Admitting Failure and Setting New Targets

By Nicotinist On January 7, 2011 Under Smoking Cessation Diary

My only goal for last year was to stop smoking. Unfortunately, I failed to meet that goal. Even though I am no longer smoking on a regular basis, I feel that I have not achieved anything. I am still a slave of Nicotine. However, admitting that gives me at least some kind of hope for a smoke free future. Luckily for me, I have still got time to reach that goal.

It is time to quit feeling sorry for myself and reveal my goals for the year 2011:

First, I want to Learn more about addictions. I have come to the conclusion that I need to learn more about different addictions. Understanding the mechanisms behind them could help me to understand my Nicotine addiction, and possibly even help me to beat it. At least I am hoping that studying addictions and their treatment would give me more expertise to deal with my own cravings.

Second, I want to stop smoking completely. This is one of my most important goal for the year 2011. I really want to figure out a way to convince me that casual smoking is not worth it. It is a bit surreal that I want to smoke at certain situations, because I will always feel like shit at the next day (and many more days after that). It just does not make any sense to me, and yet I am still wondering, if I should go out today. Any ideas?

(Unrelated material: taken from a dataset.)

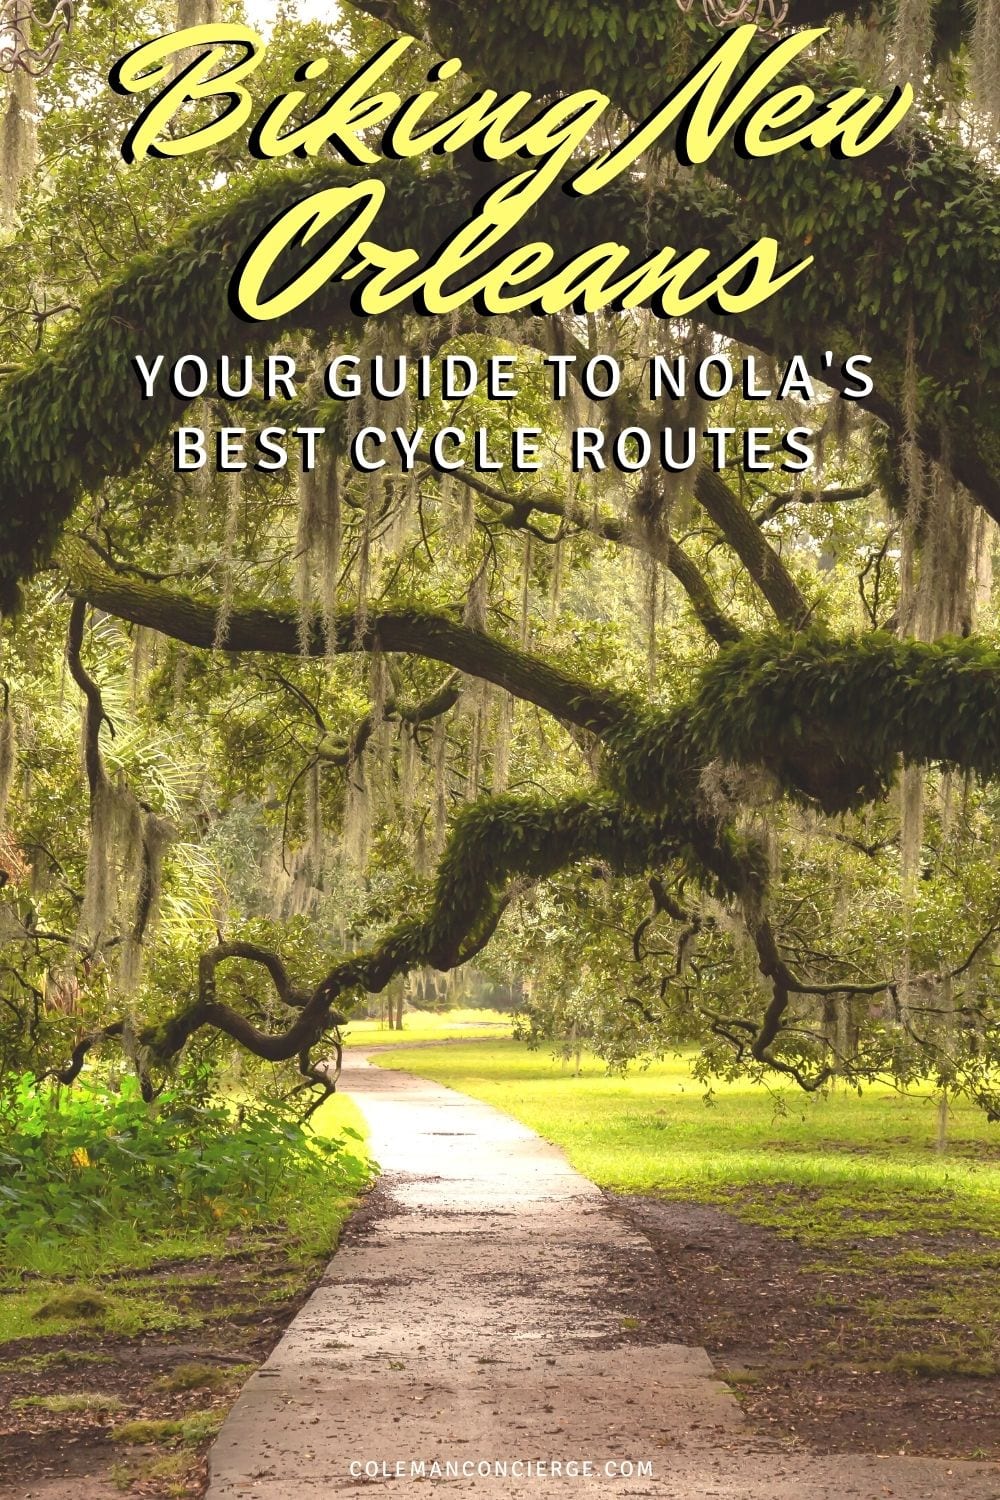 Bike trail under Oaks in New orleans
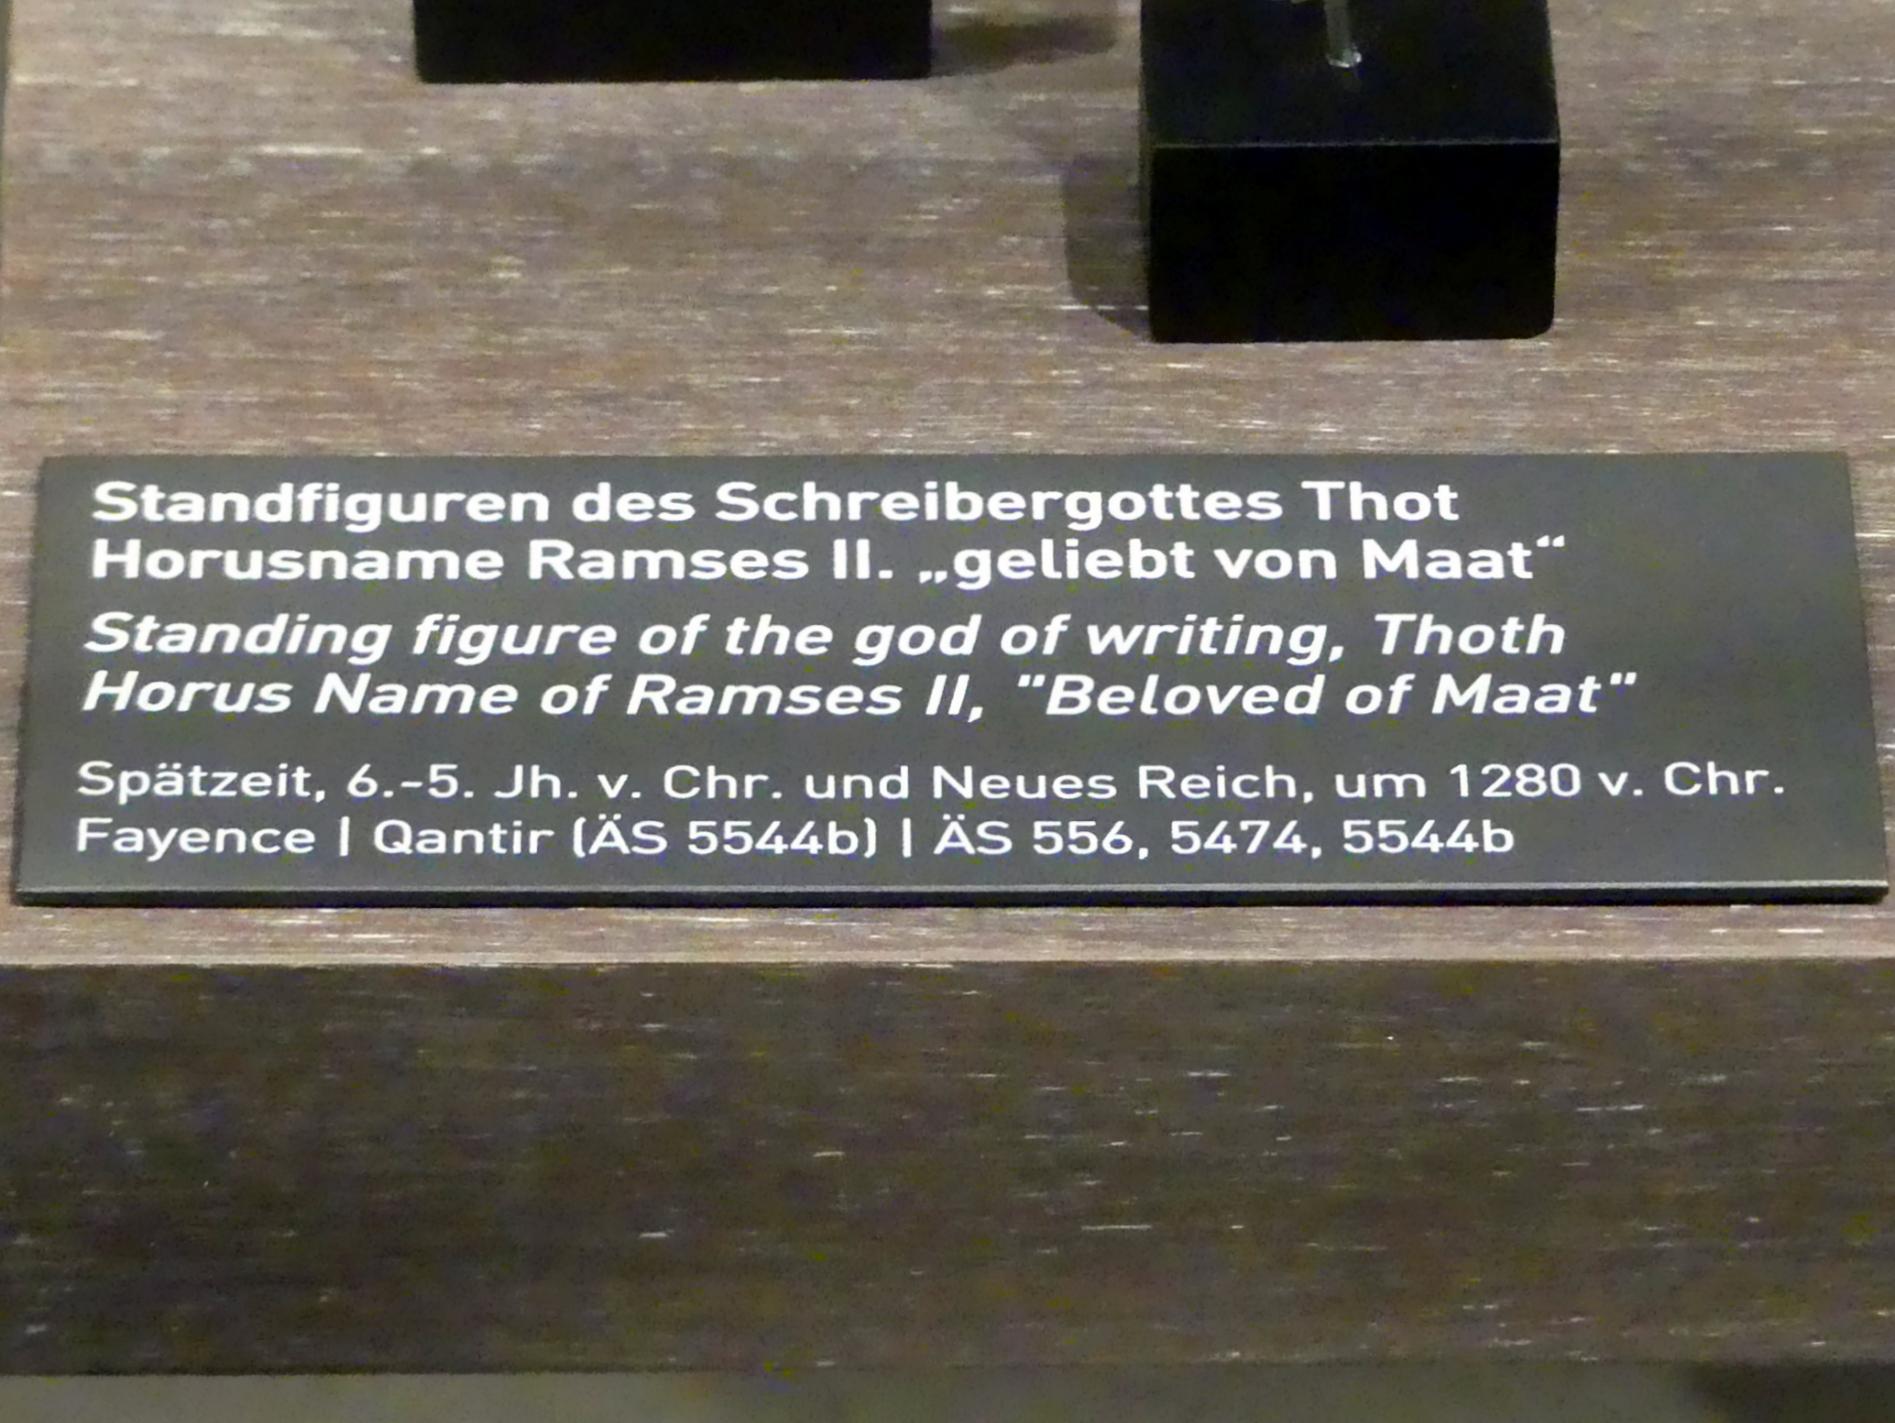 Standfiguren des Schreibergottes Thot, Spätzeit, 360 - 342 v. Chr., 600 - 400 v. Chr., Bild 2/2

Third, I want to have fun. I believe that it is essential to understand that stopping smoking can be fun and enjoyable. Understanding this will make it easier to stop smoking, because every passing moment does not feel like torture. This might sound like nonsense to you, but I can assure that it does work. When you understand that you are not losing anything important, it will be so much easier to start your new life as a nonsmoker.

I wish you all a happy new year, and I hope that this will be the year when we all will quit smoking together.